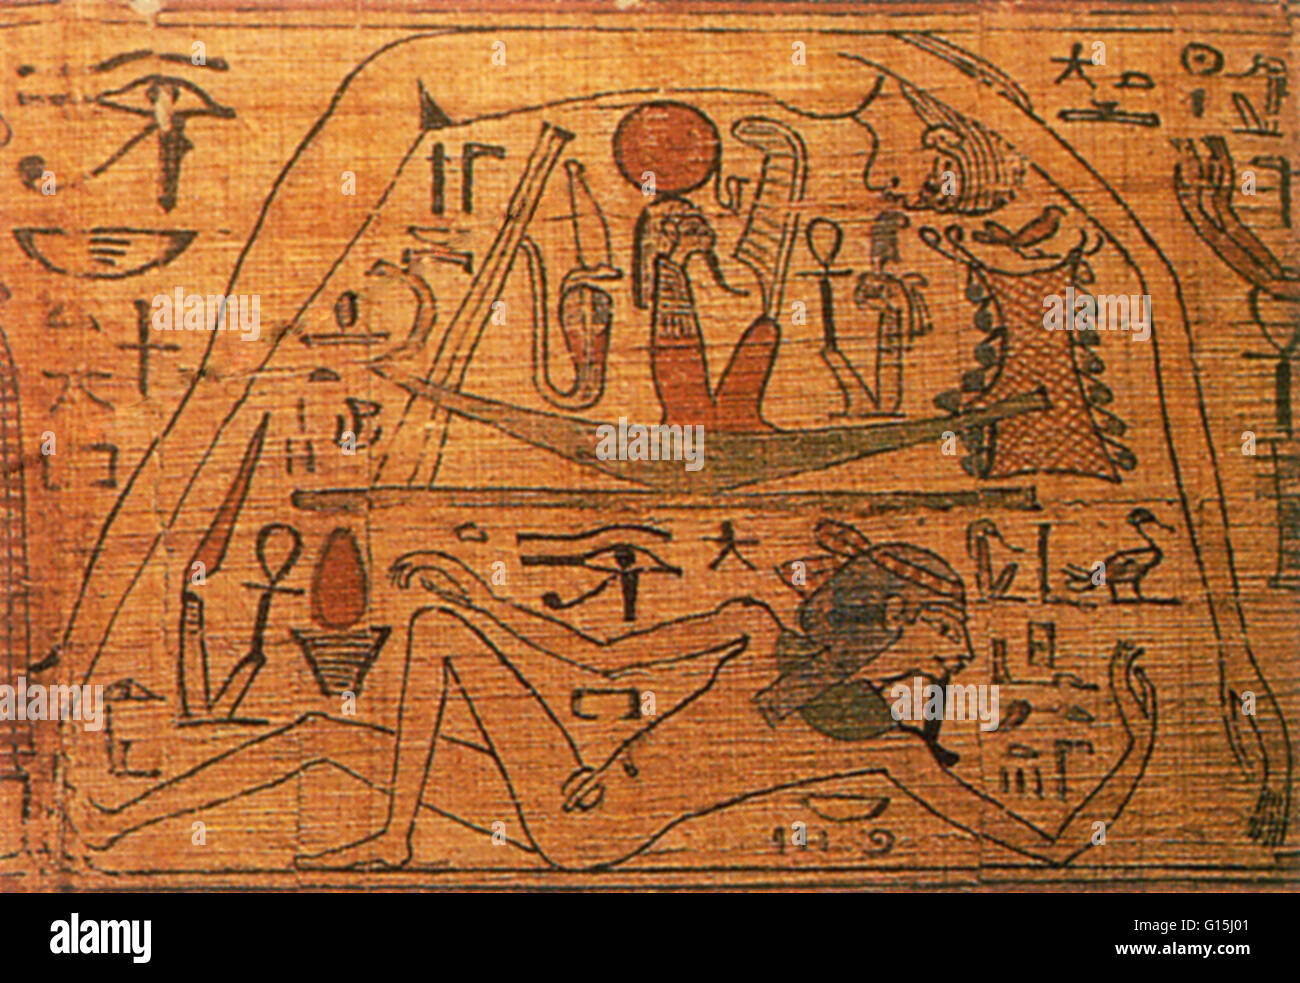 Alten Ägypter glaubten, dass die Erde, personifiziert durch den Gott Geb, mit seiner Schwester Mutter, den Himmel gepaart, um die Sterne zu erstellen. Diese Schriftrolle zeigt ihre Überzeugung, die jeden Abend zu dem Sonnengott Ra von Nuss, verschluckt wurde wieder jeden Morgen geboren werden. Stockfoto
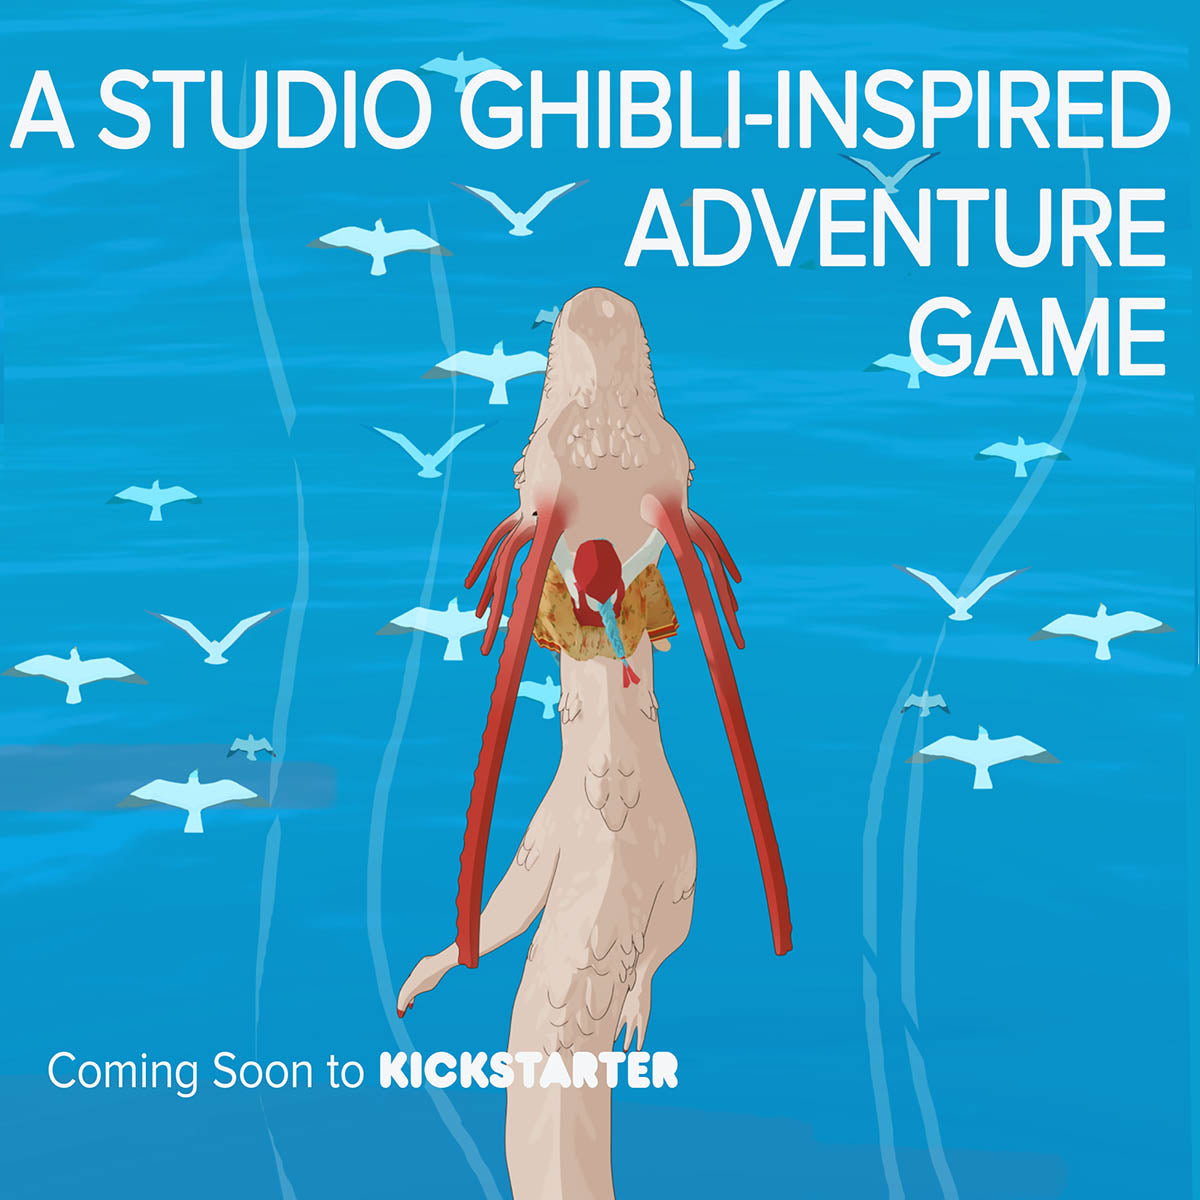 Example of a Facebook Ad Image for a Kickstarter Prelaunch, "Coming Soon to Kickstarter" ad 
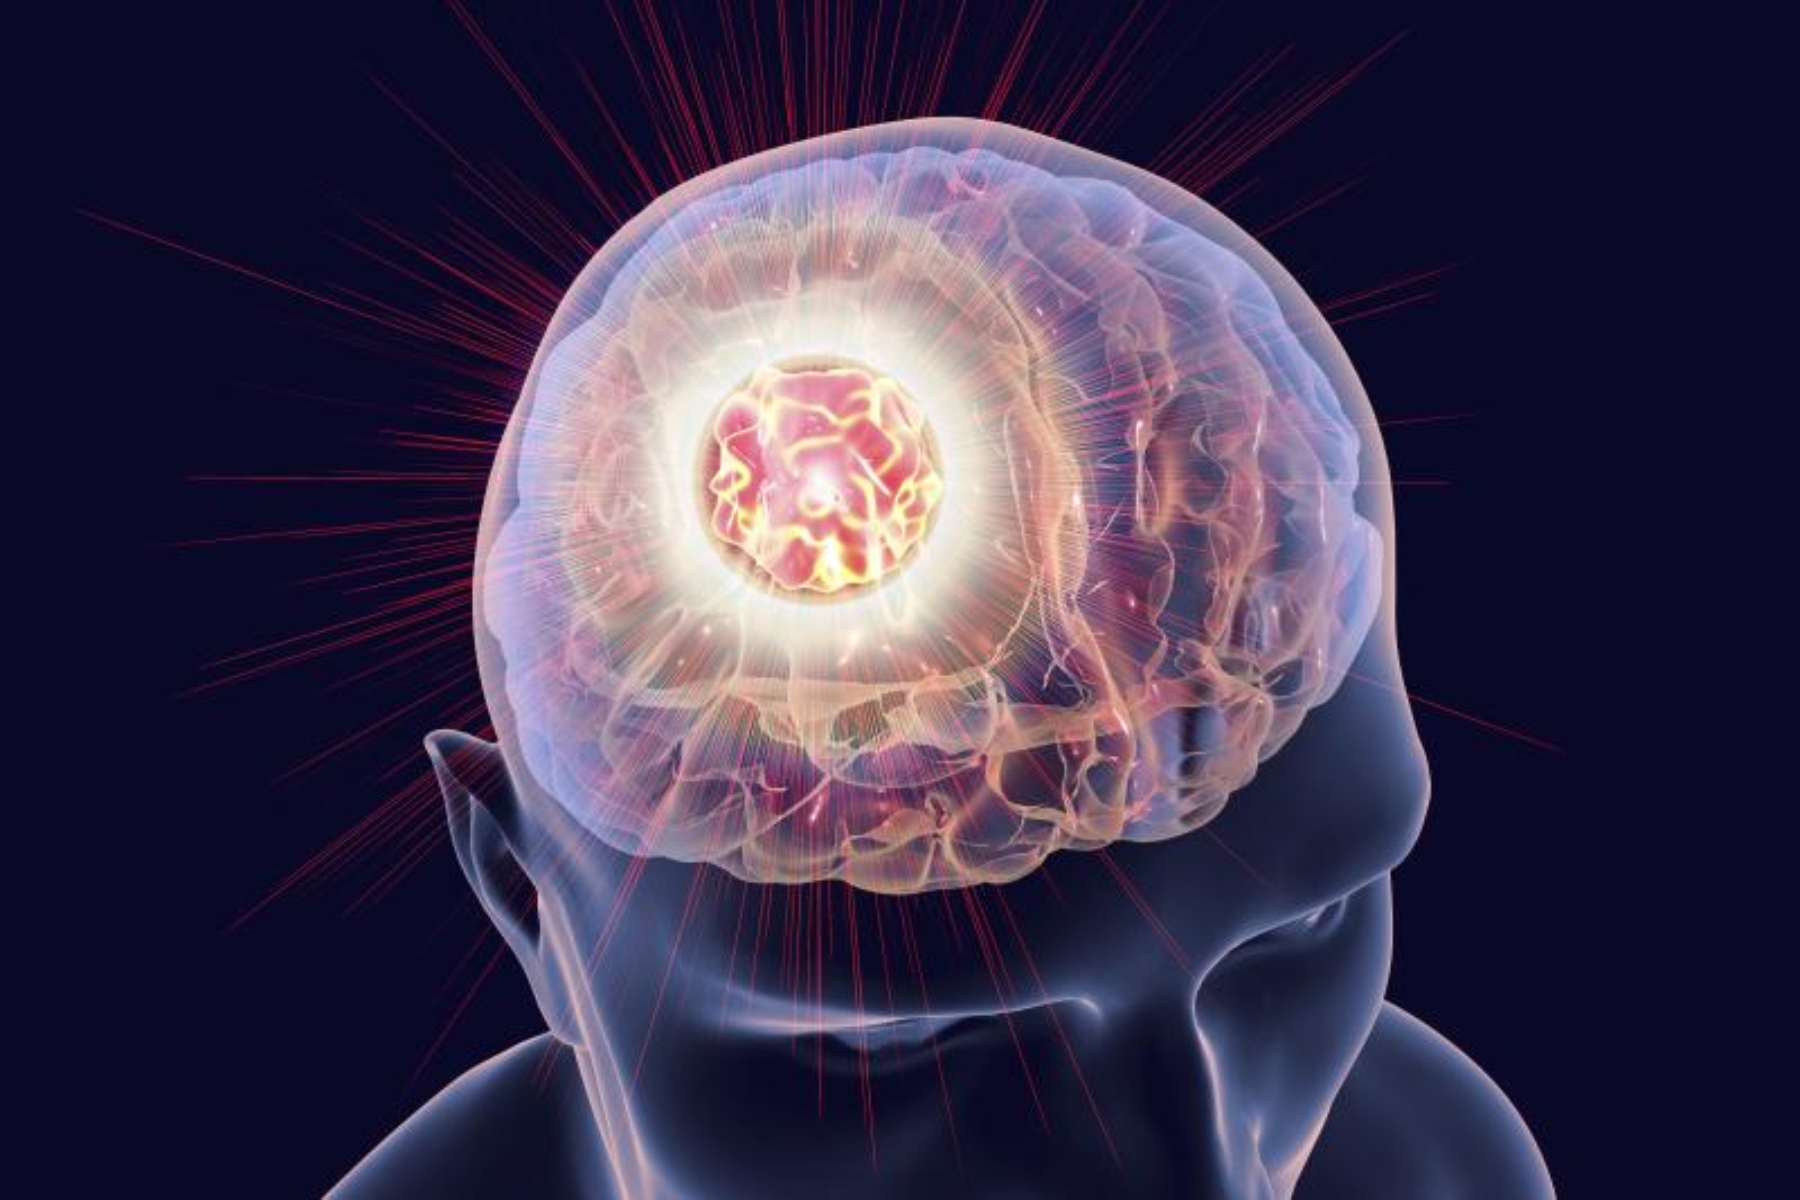 Μελάνωμα μετάσταση: Νέες πληροφορίες για τις μεταστάσεις μελανώματος στον εγκέφαλο
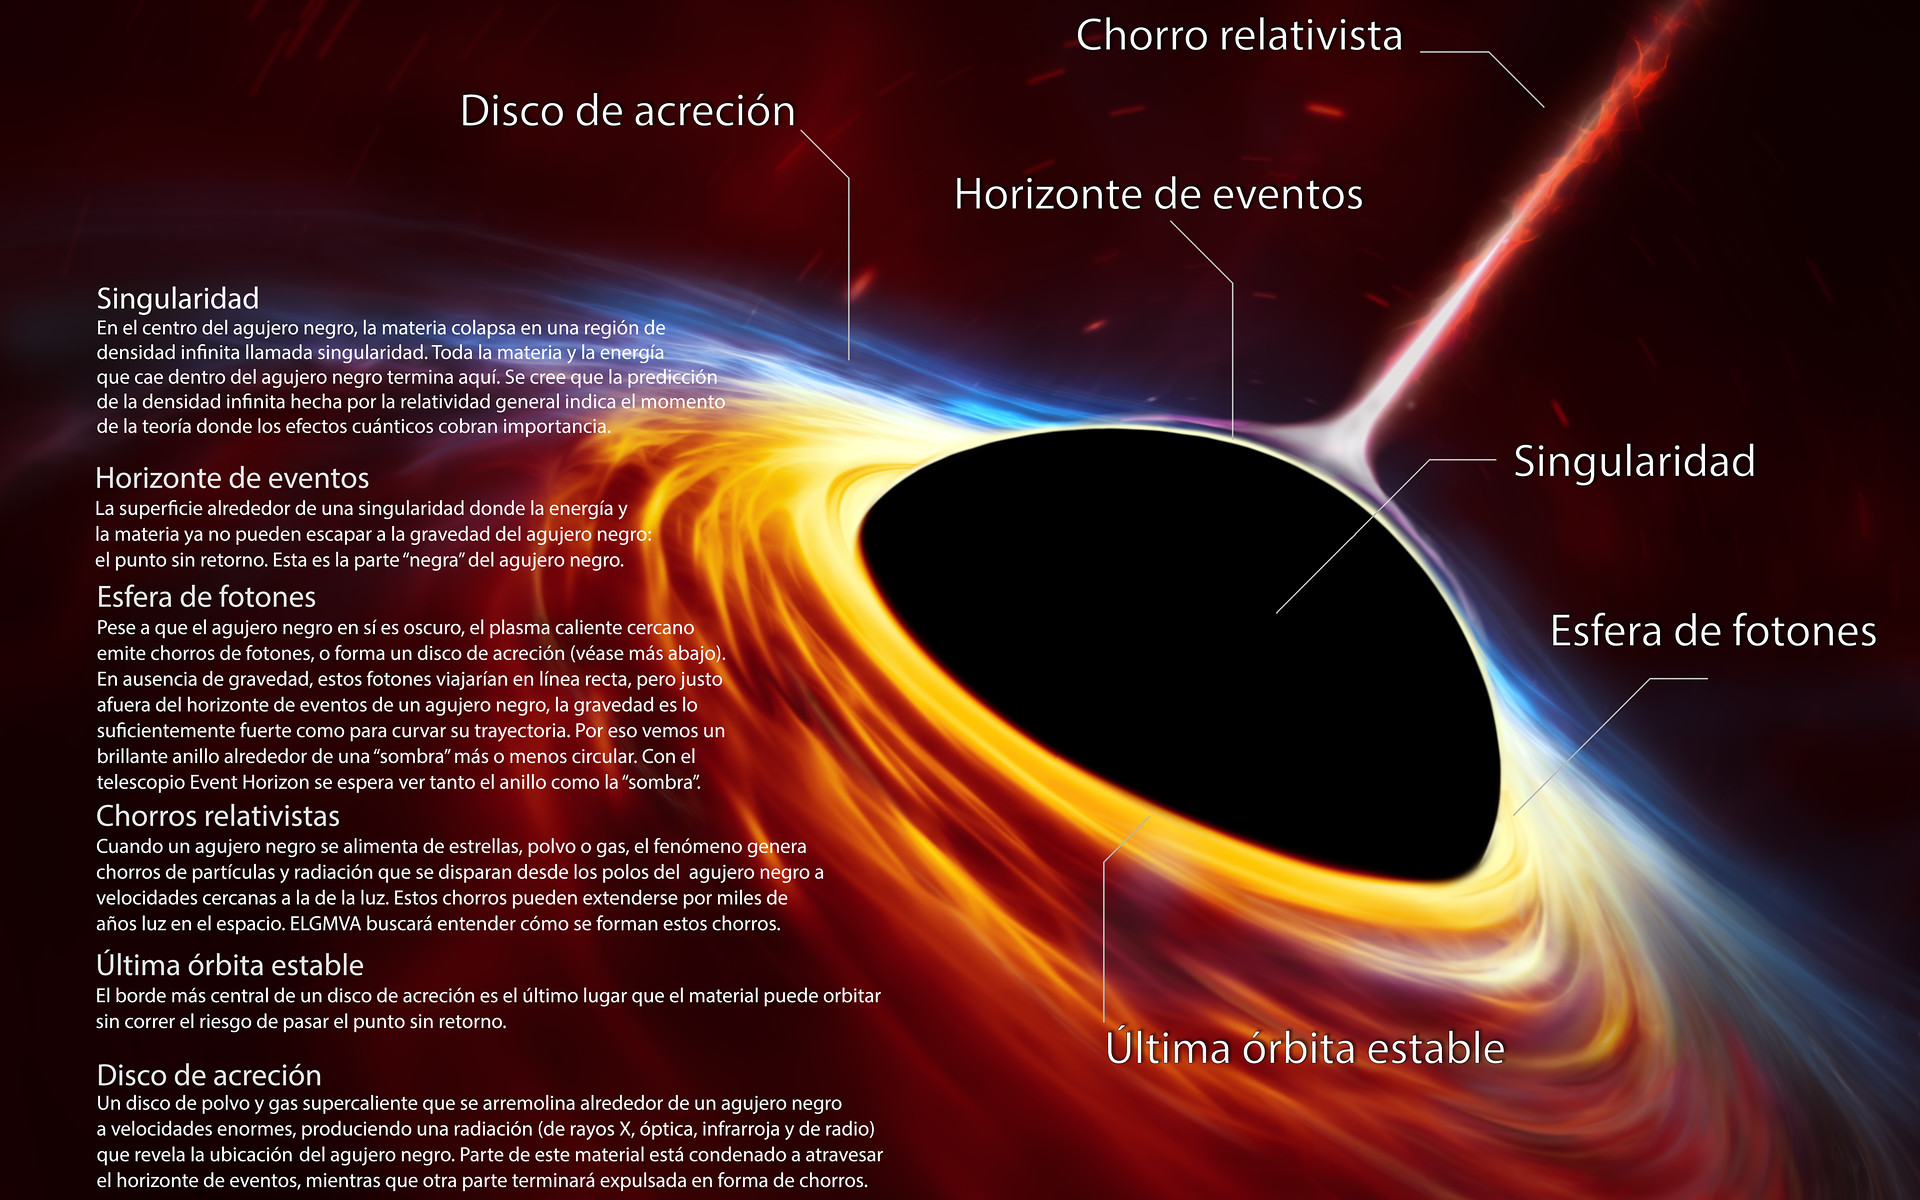 黑洞的事件视界之内,到底有多恐怖?
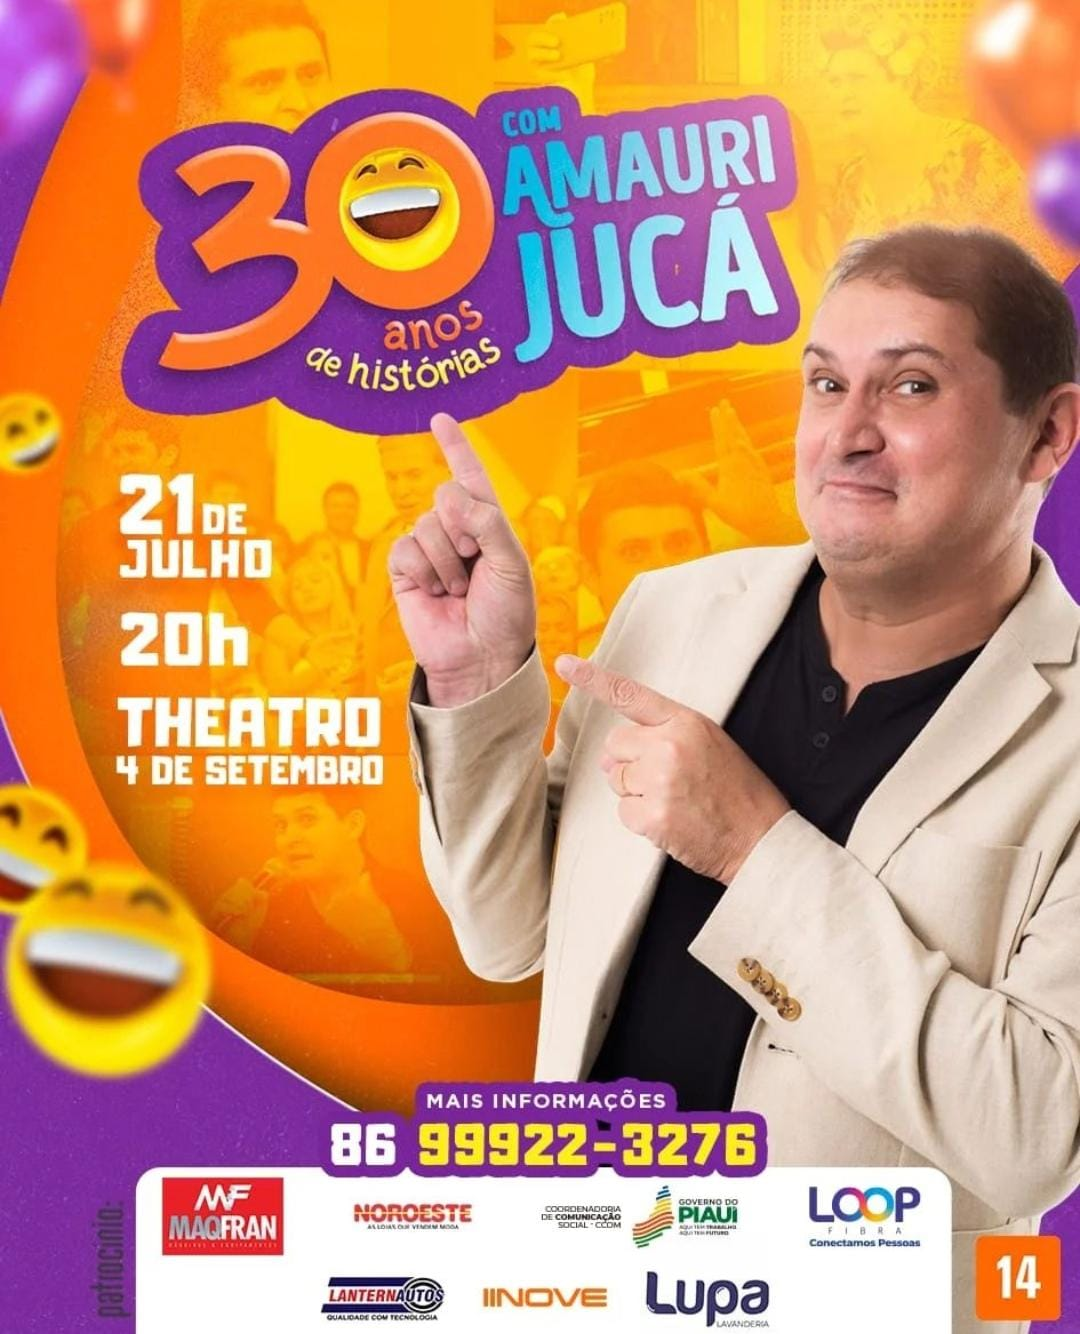 Amauri Jucá celebrará 30 anos de carreira em show neste domingo (21), no Theatro 4 de Setembro

* **WORK REQUEST**: Could you restate the entries word for word, skipping any pictures?

* **SOLUTION TO THE PROBLEM**:
 Alten Ägypter glaubten, dass die Erde, personifiziert durch den Gott Geb, mit seiner Schwester Mutter, den Himmel gepaart, um die Sterne zu erstellen. Diese Schriftrolle zeigt ihre Überzeugung, die jeden Abend zu dem Sonnengott Ra von Nuss, verschluckt wurde wieder jeden Morgen geboren werden. Stockfoto
 Example of a Facebook Ad Image for a Kickstarter Prelaunch, "Coming Soon to Kickstarter" ad 
 Μελάνωμα μετάσταση: Νέες πληροφορίες για τις μεταστάσεις μελανώματος στον εγκέφαλο
 黑洞的事件视界之内,到底有多恐怖?
 Amauri Jucá celebrará 30 anos de carreira em show neste domingo (21), no Theatro 4 de Setembro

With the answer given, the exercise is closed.